- DATASET:

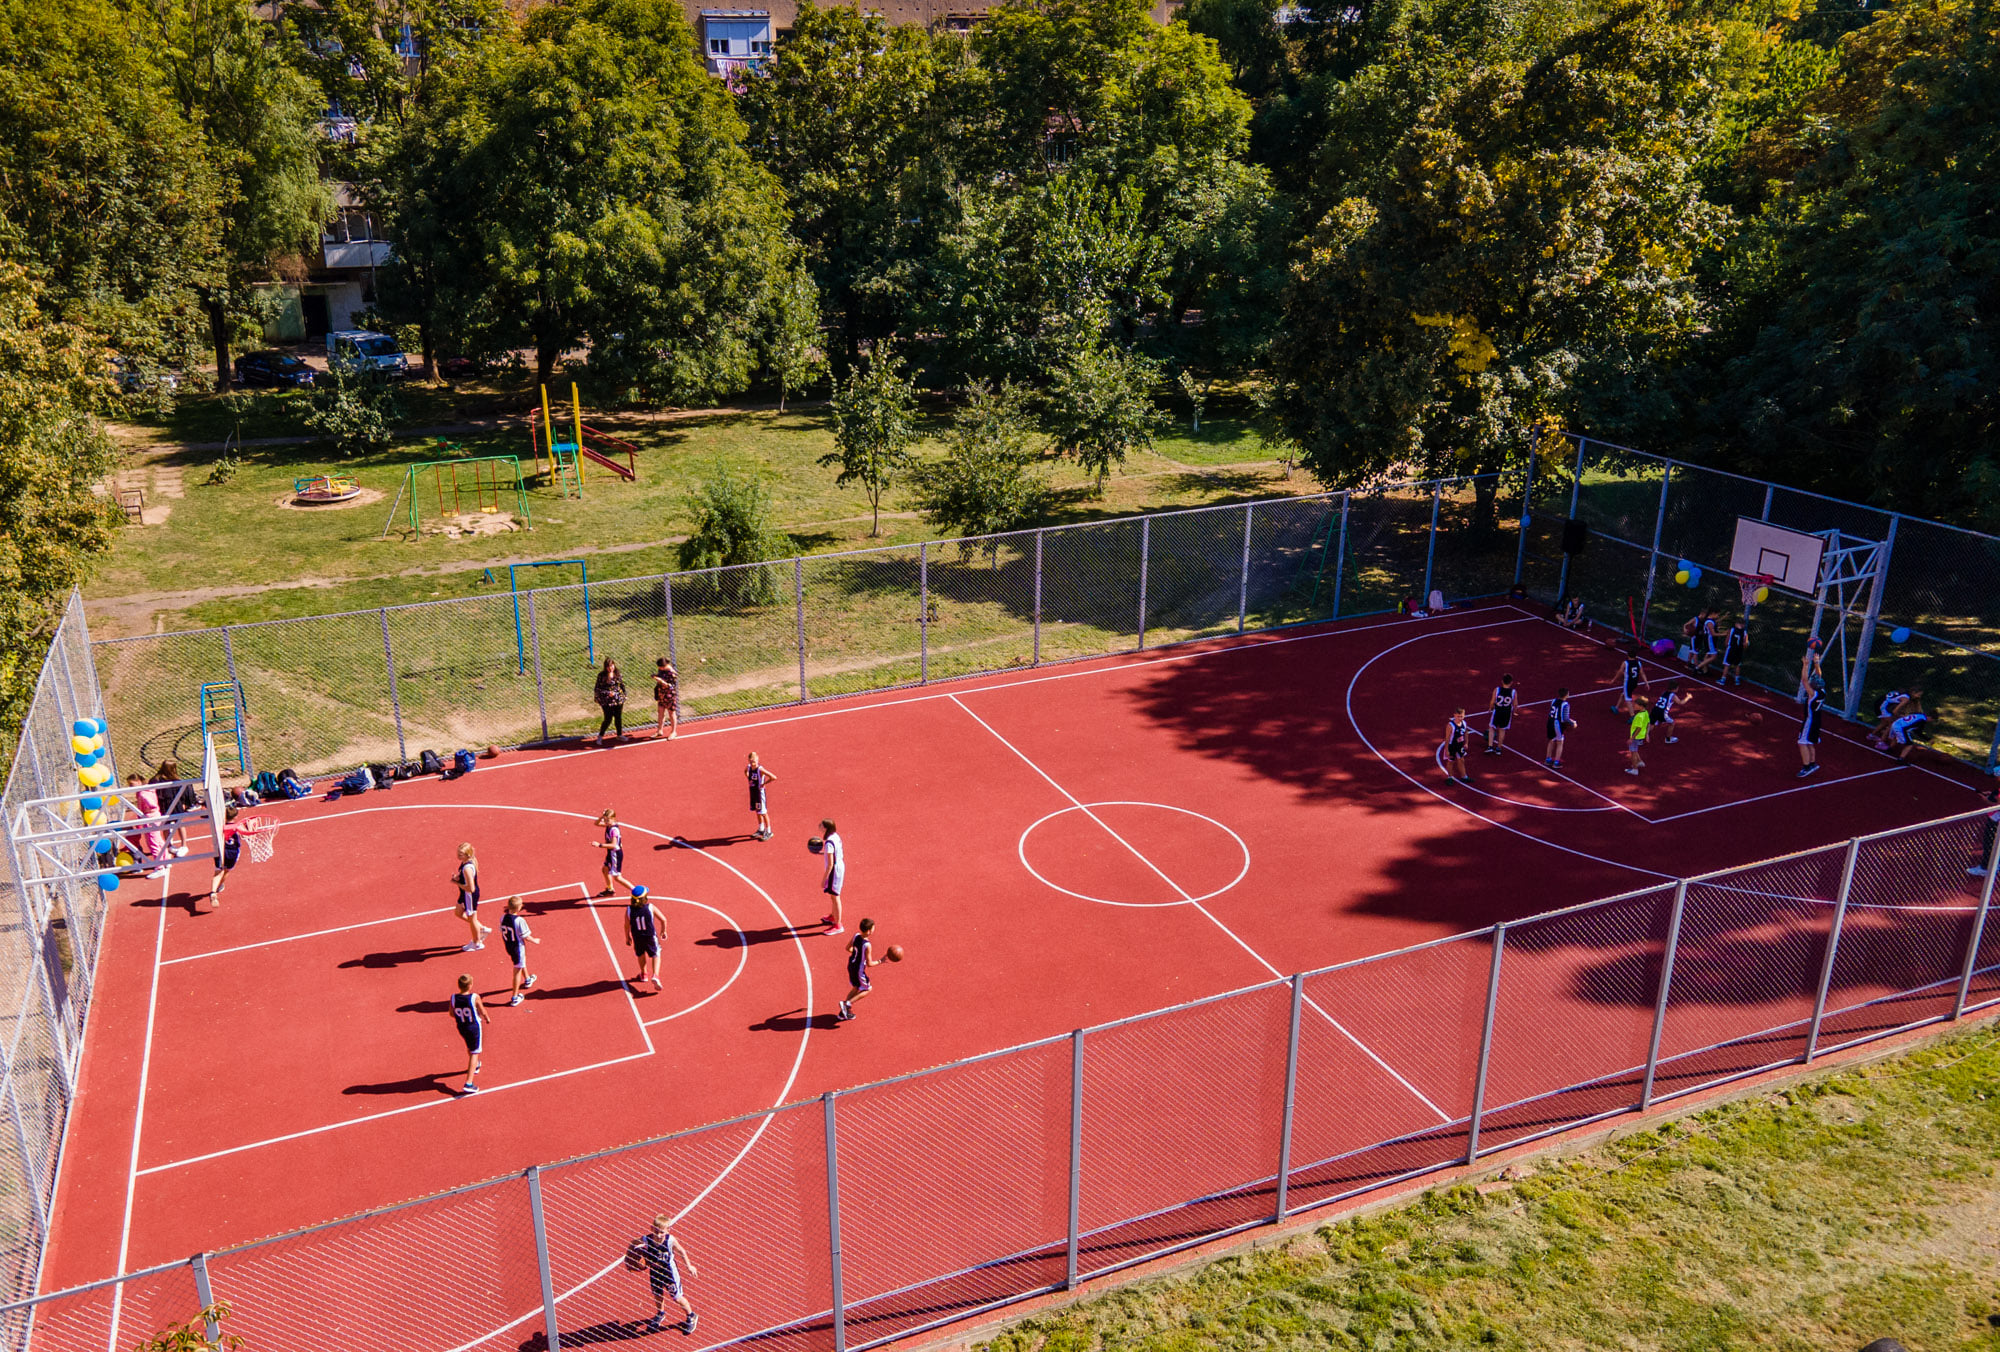 Ще один баскетбольний майданчик у рамках Бюджету громадської ініціативи відкрили в Ужгороді (ФОТО)
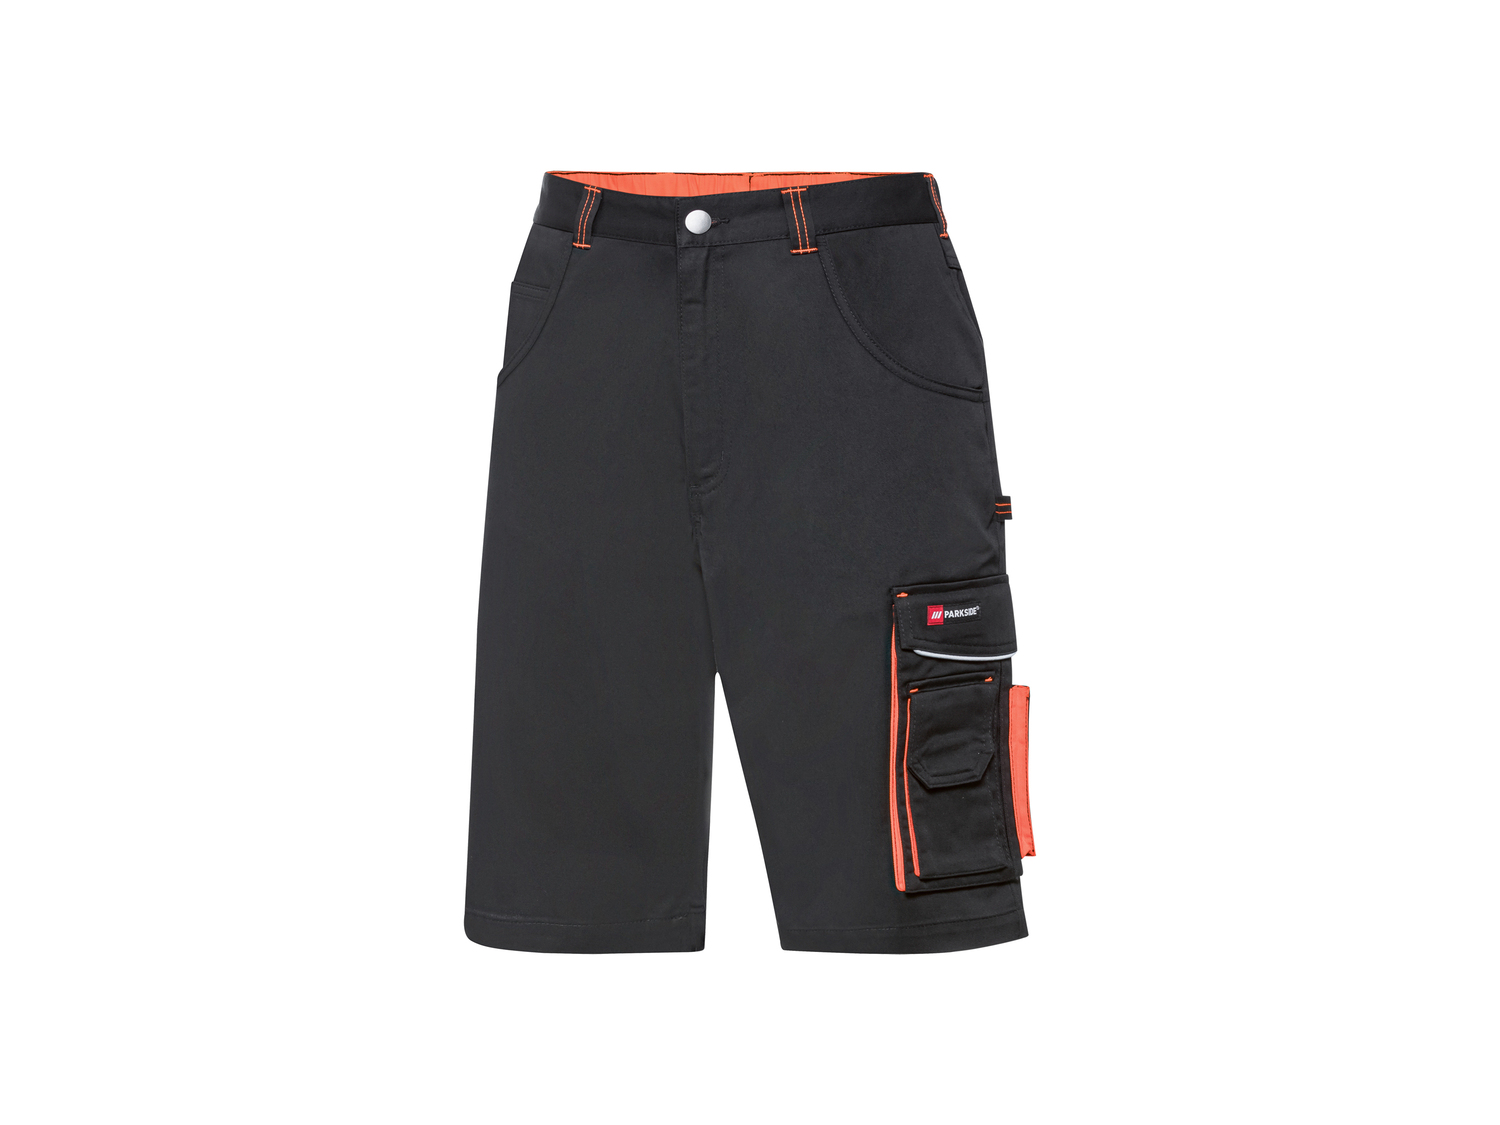 Pantaloni corti da lavoro per uomo Parkside, prezzo 11.99 &#8364; 
Misure: 48-58
Taglie ...
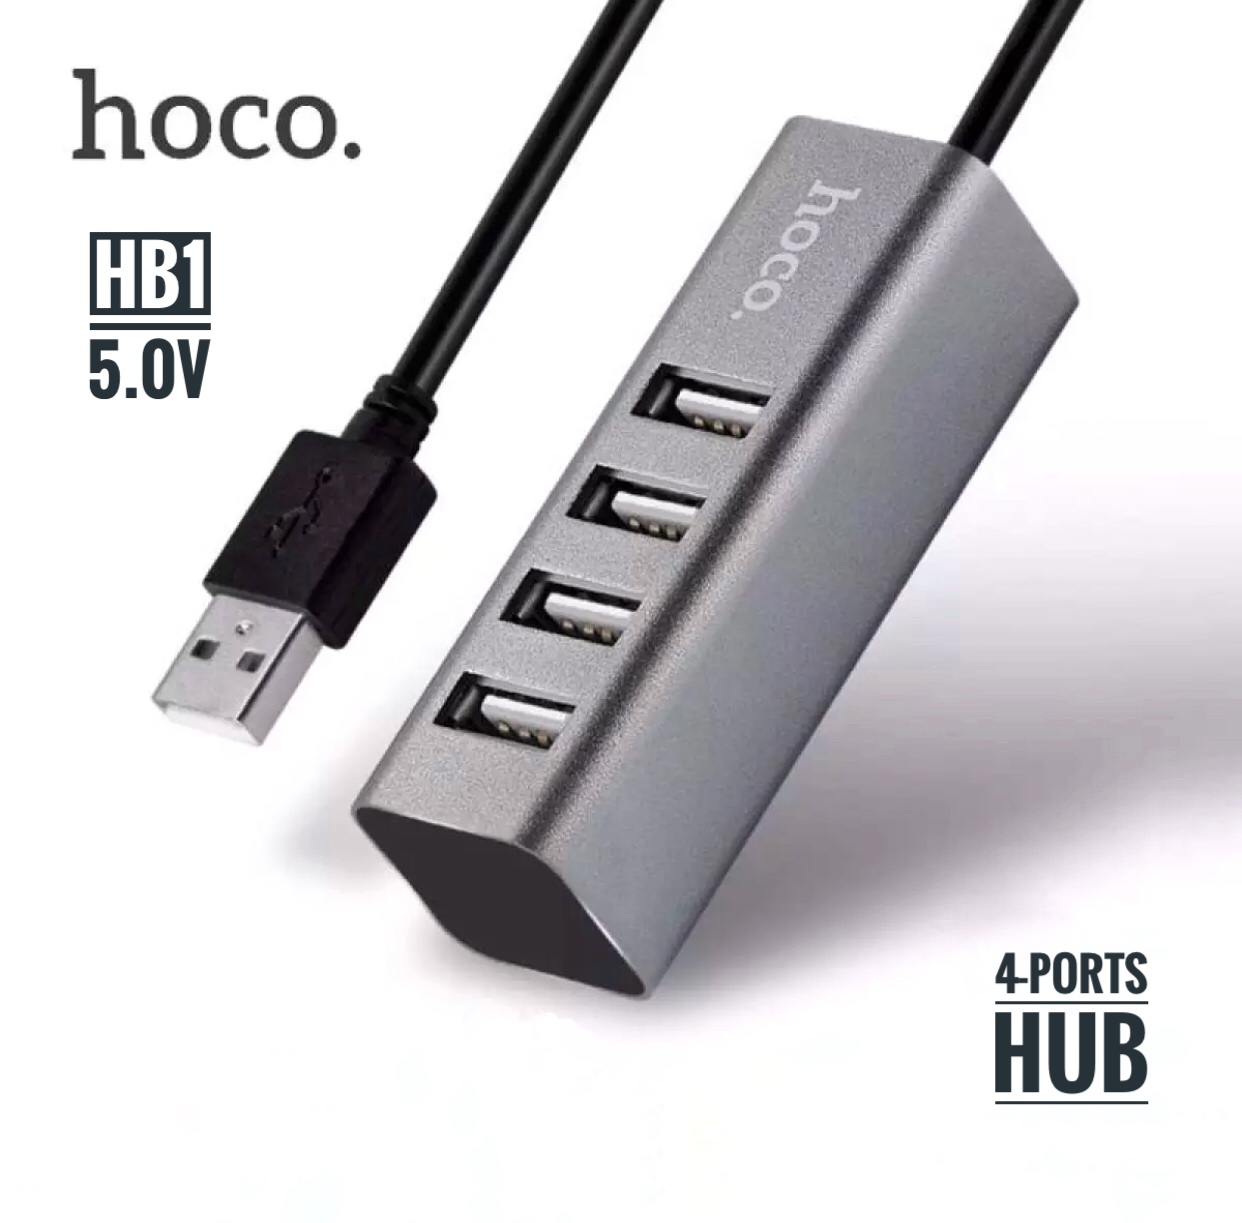 HOCO HB1 4 Port USB HUB 5.0V เพิ่มช่องเสียบ USB สายยาว 80 mm USB 2.0
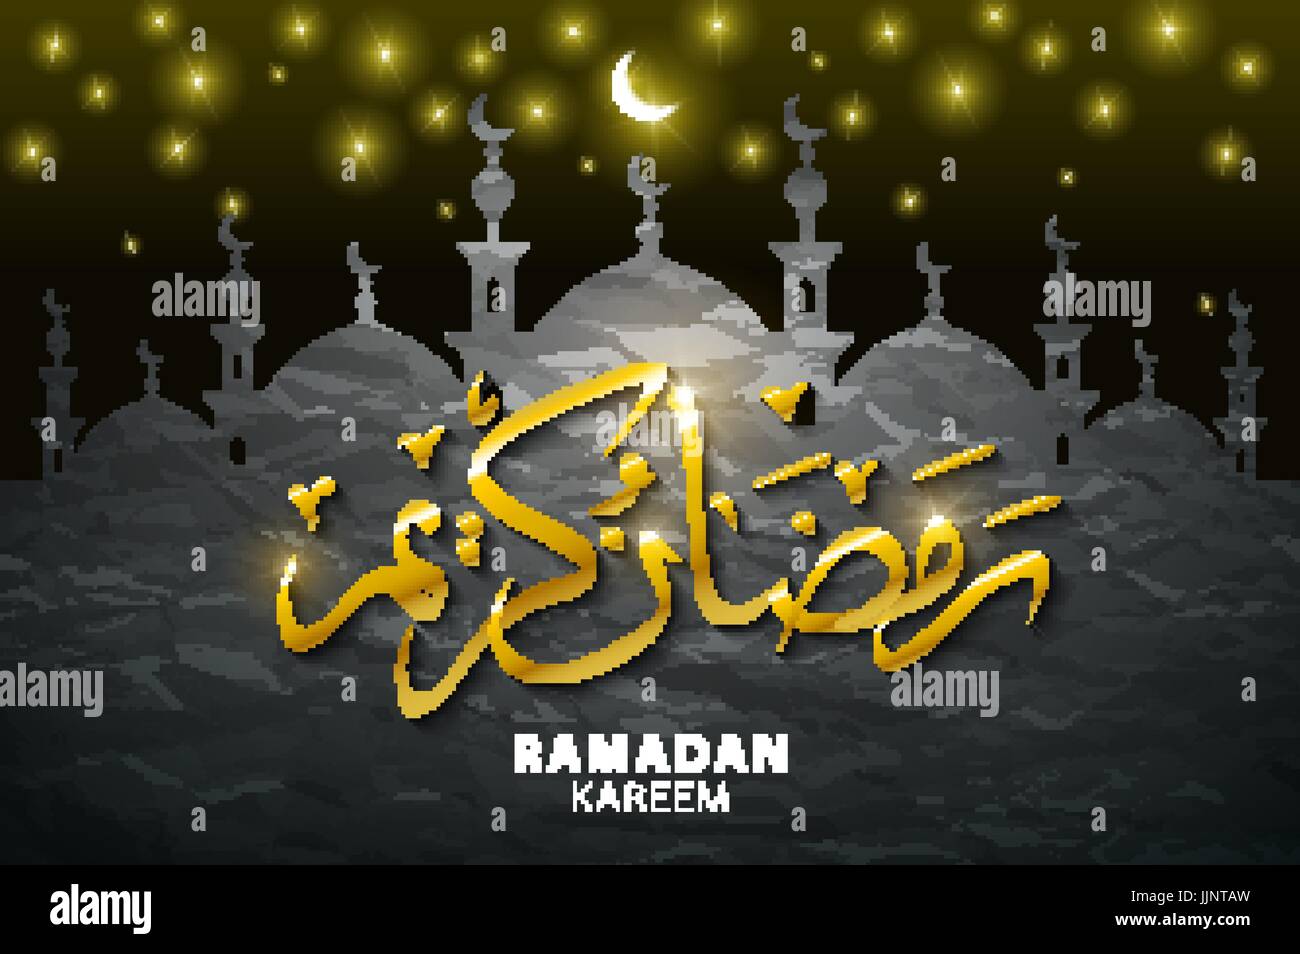 Ramadan greetings in Arabic script. An Islamic greeting card for ...

- WHAT YOU NEED TO DO:
Each line from the line containing "Pantaloni corti da" through the last line above must be written out exactly, and every picture must be omitted.

- SOLUTION:
 Pantaloni corti da lavoro per uomo Parkside, prezzo 11.99 &#8364; 
Misure: 48-58
Taglie ...
 HOCO HB1 4 Port USB HUB 5.0V เพิ่มช่องเสียบ USB สายยาว 80 mm USB 2.0
 Ramadan greetings in Arabic script. An Islamic greeting card for ...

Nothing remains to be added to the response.